Eva KW, Martin S, Macala C, Shirzad S. The impact of GenAI on applicant behaviour, performance, and interview reliability during virtual interviews for medical school admissions. npj Digital Medicine. 2026;9:75. DOI: https://doi.org/10.1038/s41746-025-02256-z.

Lewis LS, Hartman AM, Brennan-Cook J, Felsman IC, Colbert B, Ledbetter L, Gedzyk-Nieman SA. Artificial Intelligence and Admissions to Health Professions Educational Programs: A Scoping Review. Nurse Educator. 2025;50(1):E13-E18. DOI: https://doi.org/10.1097/NNE.0000000000001753. PMID: 39418331.

MacIntosh A, Roulin N, Amiri L, Koutroulis I. Artificial Intelligence and the Medical School Admissions Interview: Strategic Guidance, Risks, and Lessons from Industrial-Organizational Psychology. Medical Science Educator. 2025;36(1):39-46. DOI: https://doi.org/10.1007/s40670-025-02607-1. PMID: 41939071.

Weber-Wulff D, Anohina-Naumeca A, Bjelobaba S, et al. Testing of detection tools for AI-generated text. International Journal for Educational Integrity. 2023;19:26. DOI: https://doi.org/10.1007/s40979-023-00146-z.

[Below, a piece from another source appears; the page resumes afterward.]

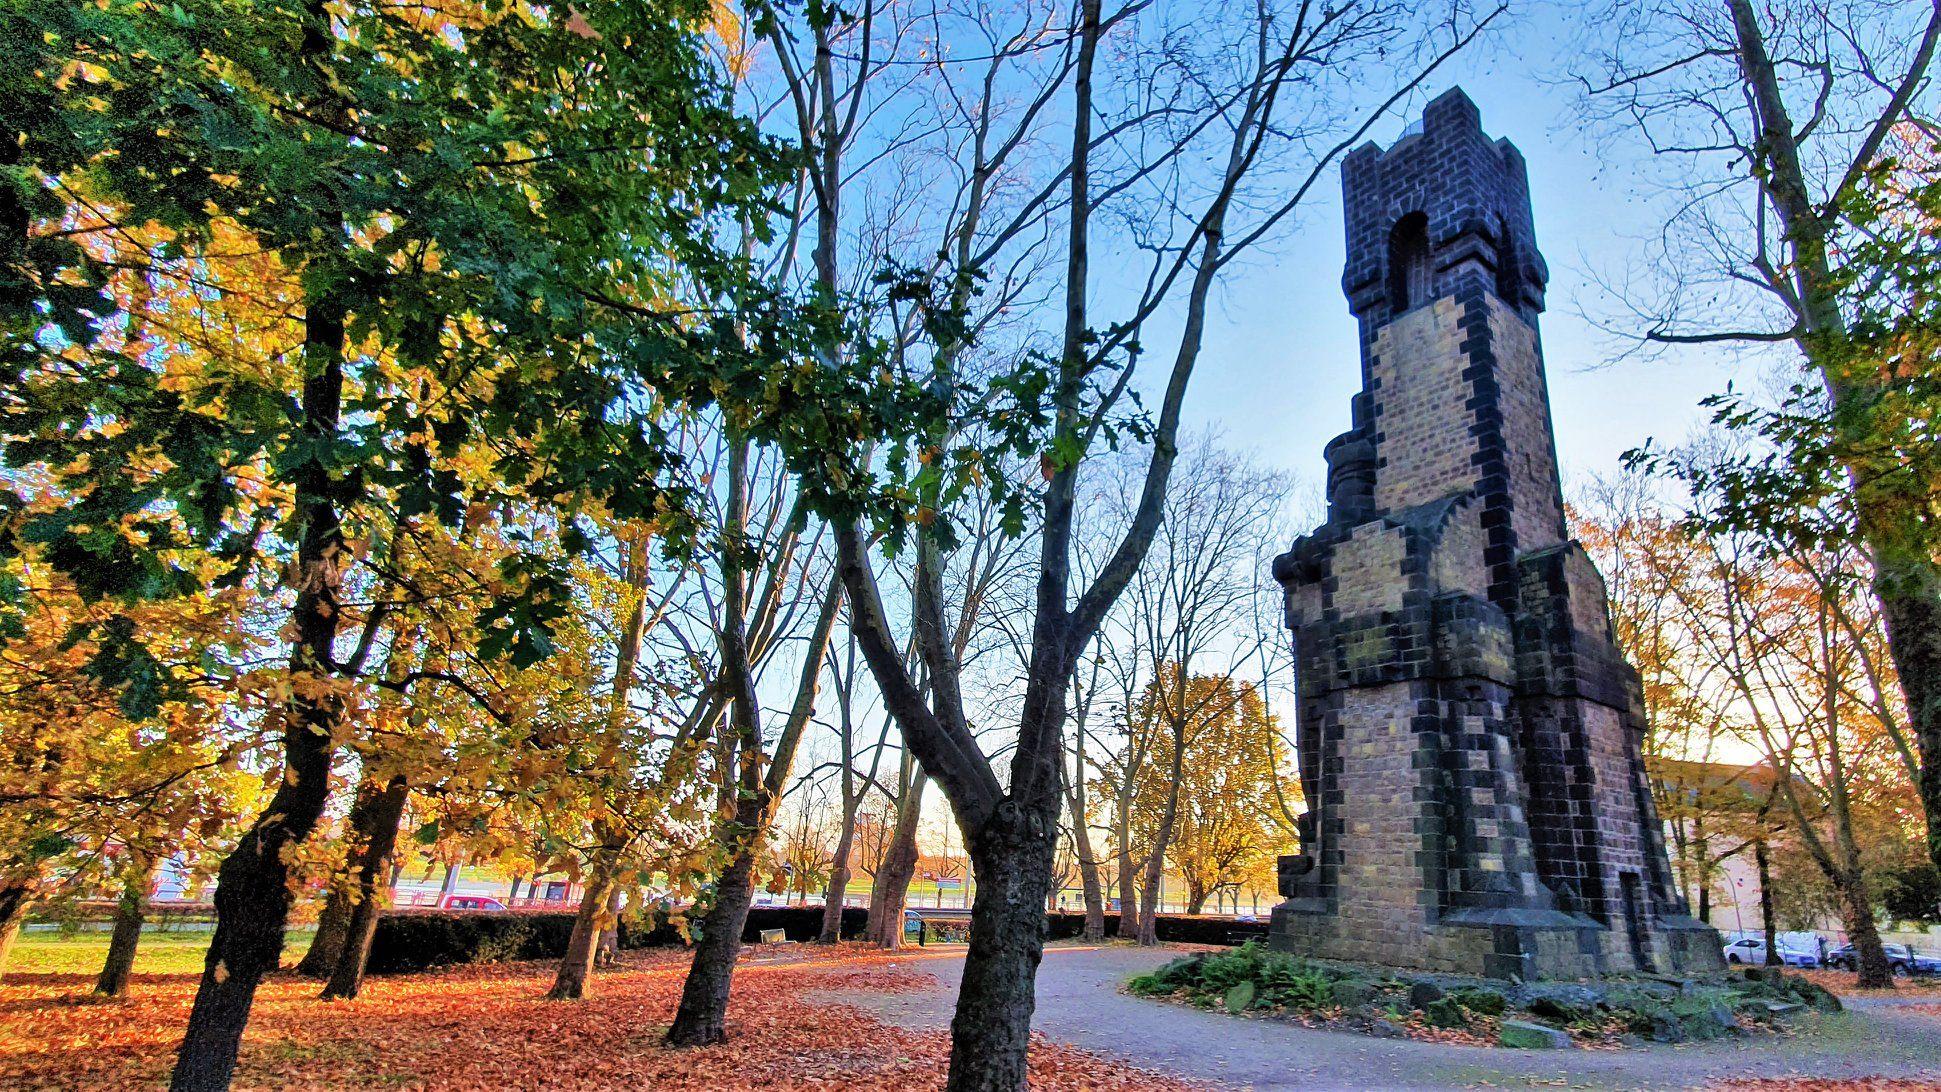 Marienburg, Bismarckturm

Liang W, Yüksekgönül M, Mao Y, Wu E, Zou J. GPT detectors are biased against non-native English writers. Patterns. 2023;4(7):100779. DOI: https://doi.org/10.1016/j.patter.2023.100779. arXiv:2304.02819.

Kirchenbauer J, Geiping J, Wen Y, et al. Scalable watermarking for identifying large language model outputs. Nature. 2024;634:818-823. DOI: https://doi.org/10.1038/s41586-024-08025-4.

Disclaimer: This blog post is a simplified summary of published research for educational purposes. The accompanying illustration is artistic and does not depict actual model architectures, data, or experimental results. Always refer to the original paper for technical details.